15.10.2021
As part of the series Traces, the book In-communication (a generative perspective), by Ana Cristina Montoya (NetOne Colombia), published by the publishing house Città Nuova and by the Sophia University Institute, Loppiano (Italy).
Source: Città Nuova
In the prologue to the book, by Paolo Rufini, Prefect of the Dicastery for Communication of the Holy See, we read:
“The author accompanies us on a journey of rethinking the role of a communication made to generate relationships. Some passages particularly struck me. The first concerns the sense of limit in a time that presumes its non-existence; as if technology legitimises anything beyond it. A great temptation. A false truth. The second concerns the false dilemma between identity and otherness. As if we really must, in order to be ourselves, deny others, and not instead exactly the opposite: to rediscover ourselves by mirroring ourselves in the other. The third concerns the importance of words, the use we make of words by distorting their meaning and thus turning communication into misunderstanding, memory into forgetfulness’.
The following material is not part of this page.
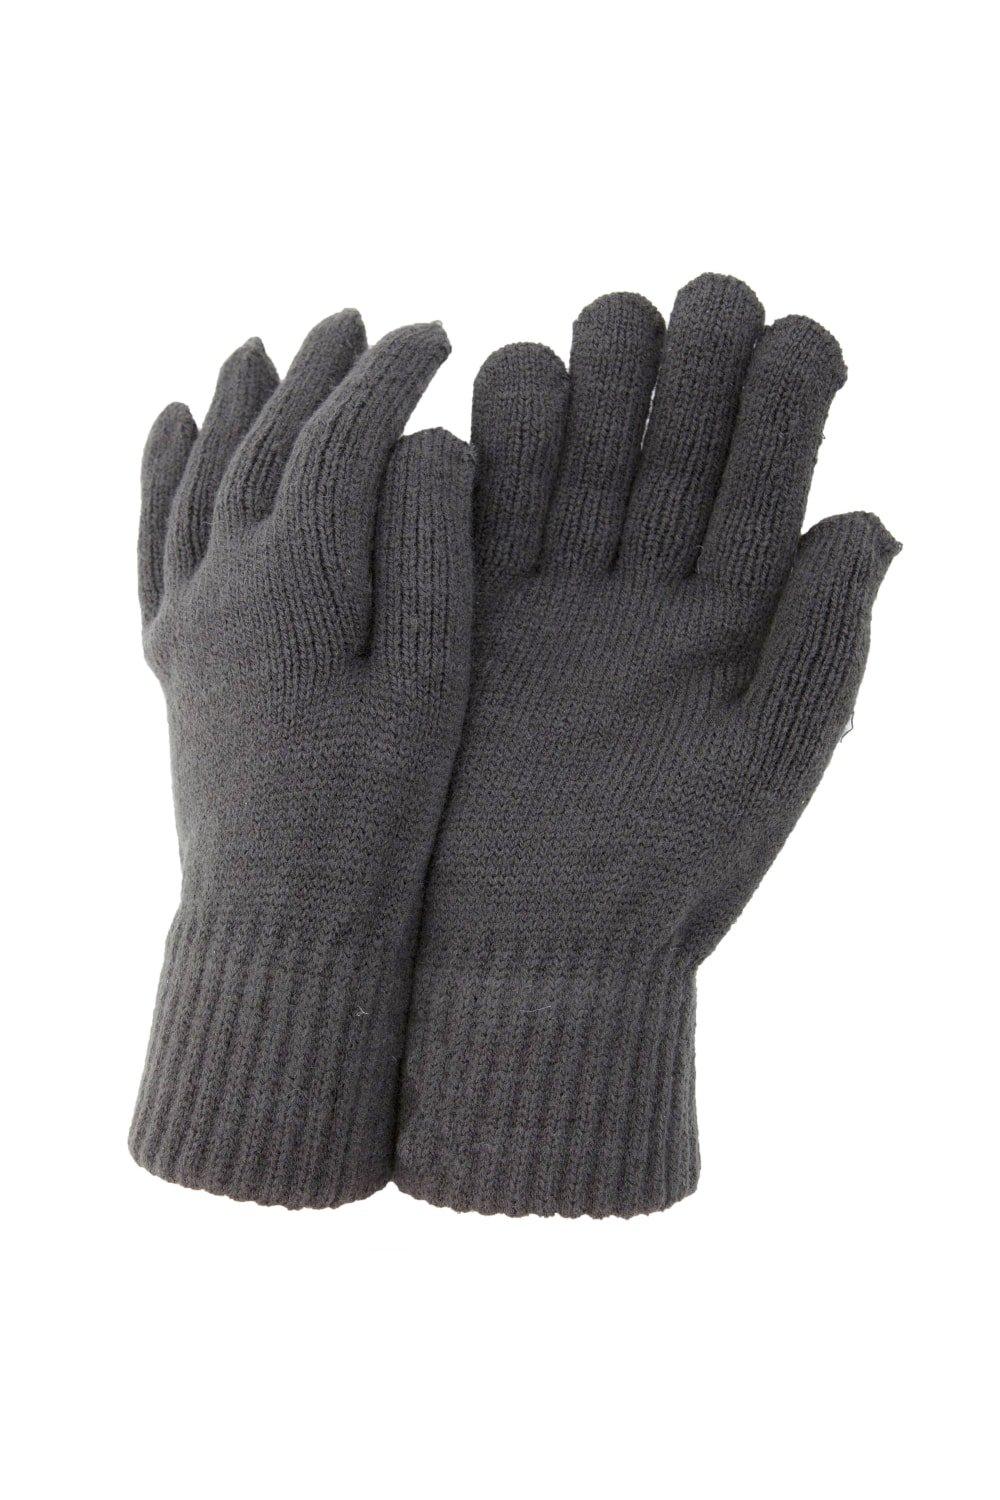 цена РАСПРОДАЖА - Термовязаные зимние перчатки Universal Textiles, серый
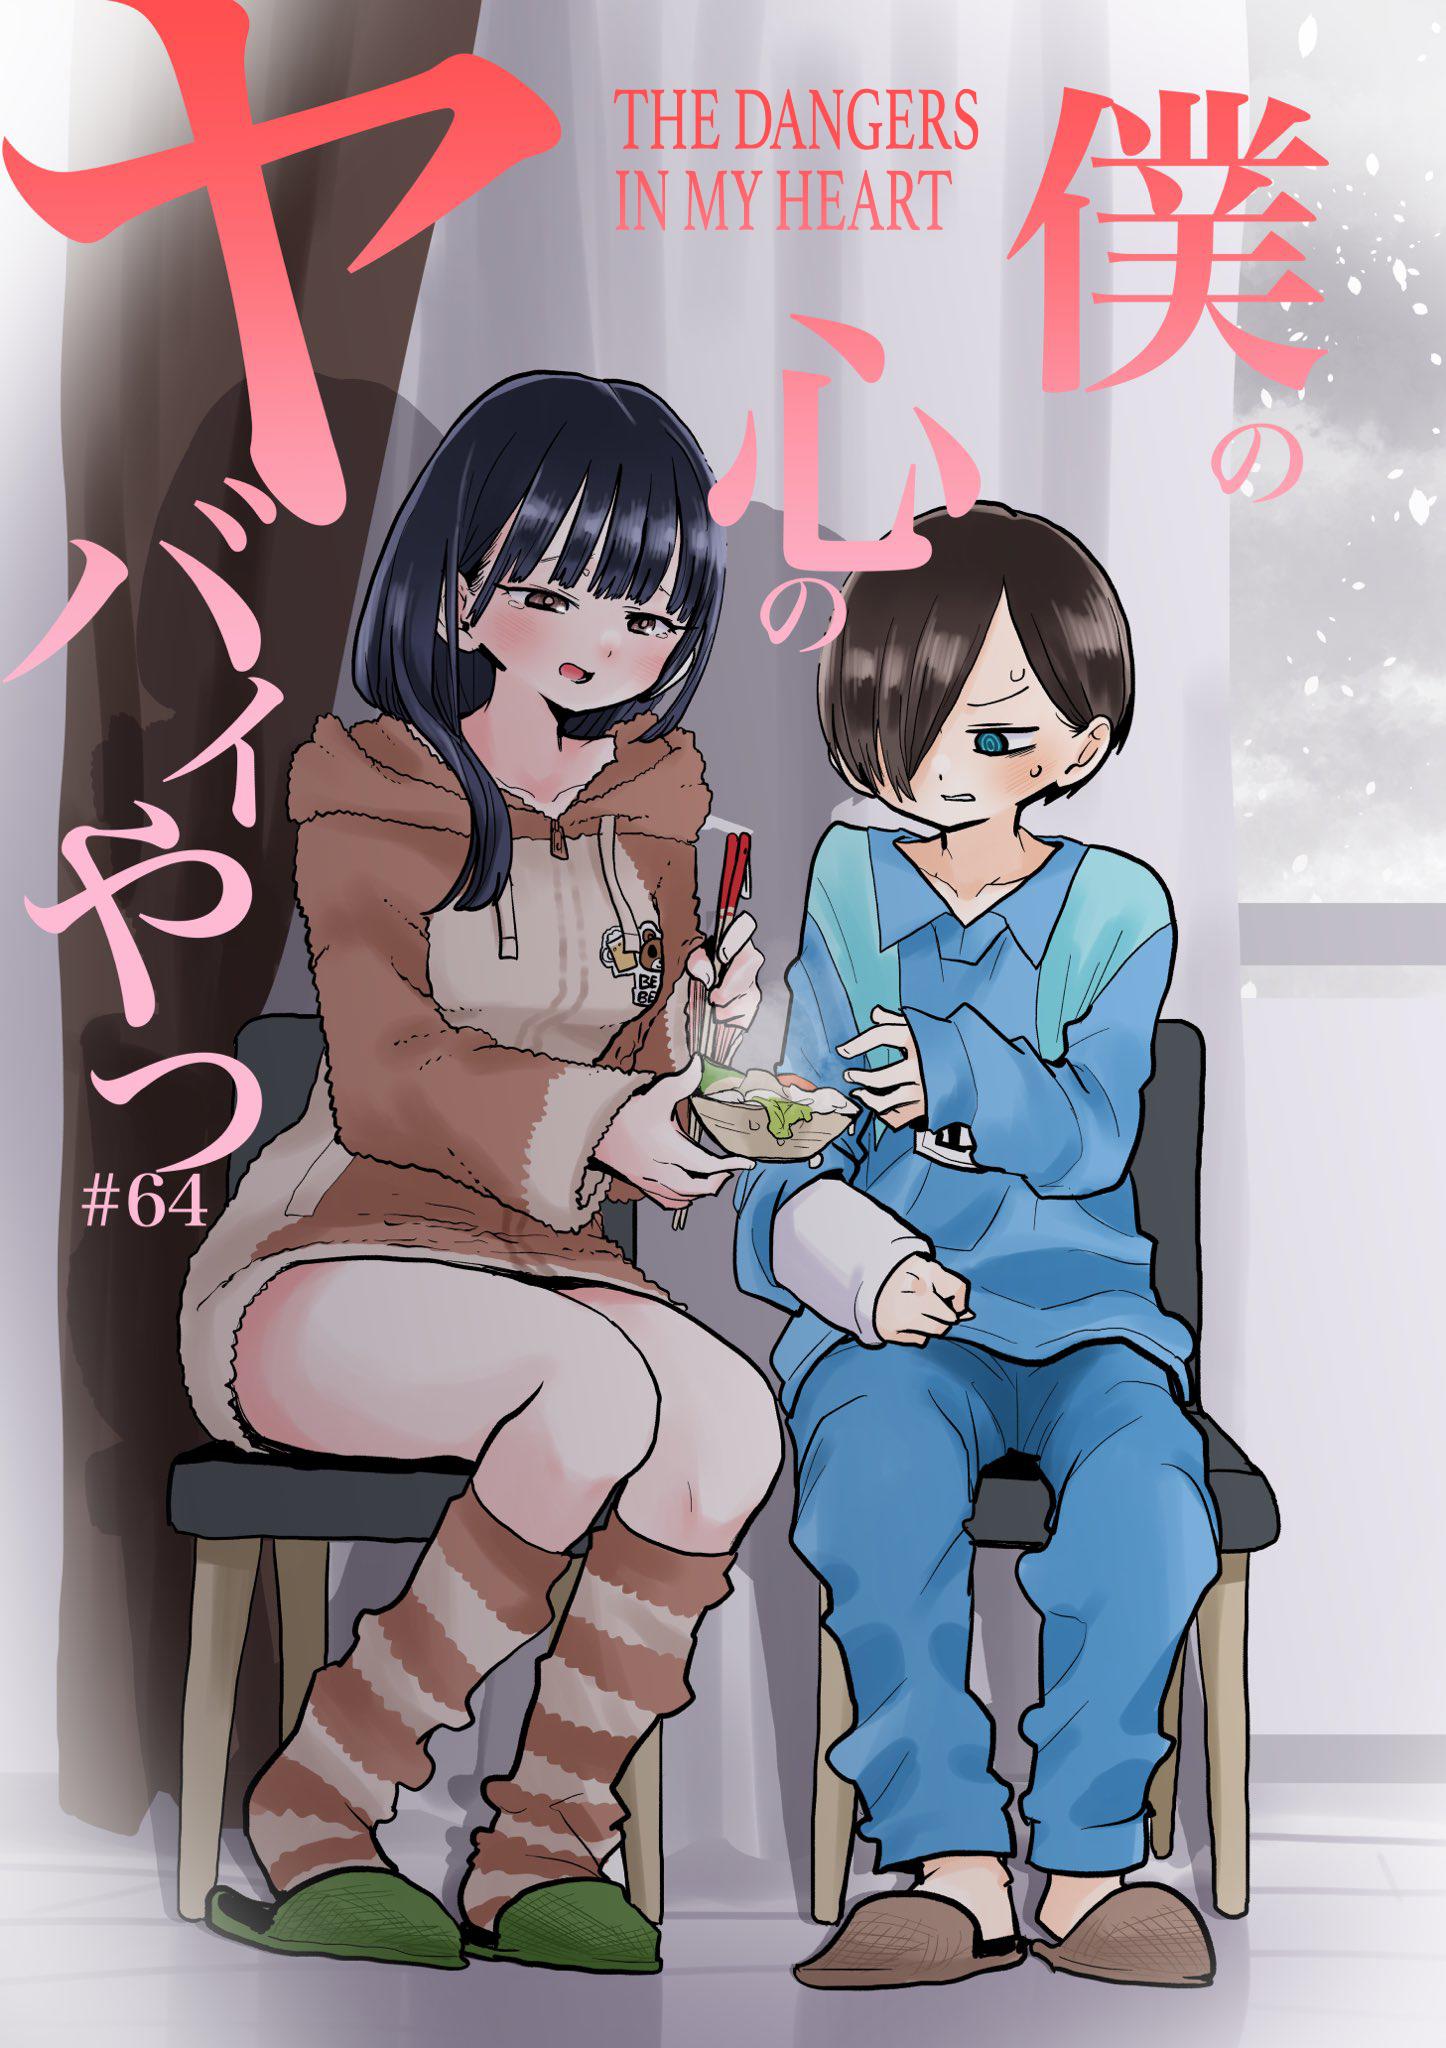 Read Boku no Kokoro no Yabai yatsu Manga English [New Chapters

“But the real centre of this essay lies in the refutation of the technocratic paradigm as a happiness formula, and in the critique of economic theory that reduces every relationship to a transaction, every encounter to the measurement of reciprocal consumption capacity, every dialogue into a monologue, every silence into an emptiness instead of a fullness, every time devoted to listening a time lost instead of a time gained, every dialogue a risk to be avoided”.
Ana Cristina Montoya, Colombian, holds a doctorate and master’s degree in Communication and is currently professor at the Department of Social and Political Sciences, Economics and Management of the Sophia University Institute (IUS), where she teaches Fundamentals dialogic processes, Generative Communication and Introduction to Intercultural Dynamics. The Tracce series offers short and perspective essays written with an “inter- and transdisciplinary approach aimed at fostering interaction between knowledge in a wisdom horizon, which does not erase the autonomy of each but grasps the common roots and purposes” and that “has the objective of implementing theoretical paradigms and operational practices to promote an anthropologically and ethically integral and shared development” (IUS).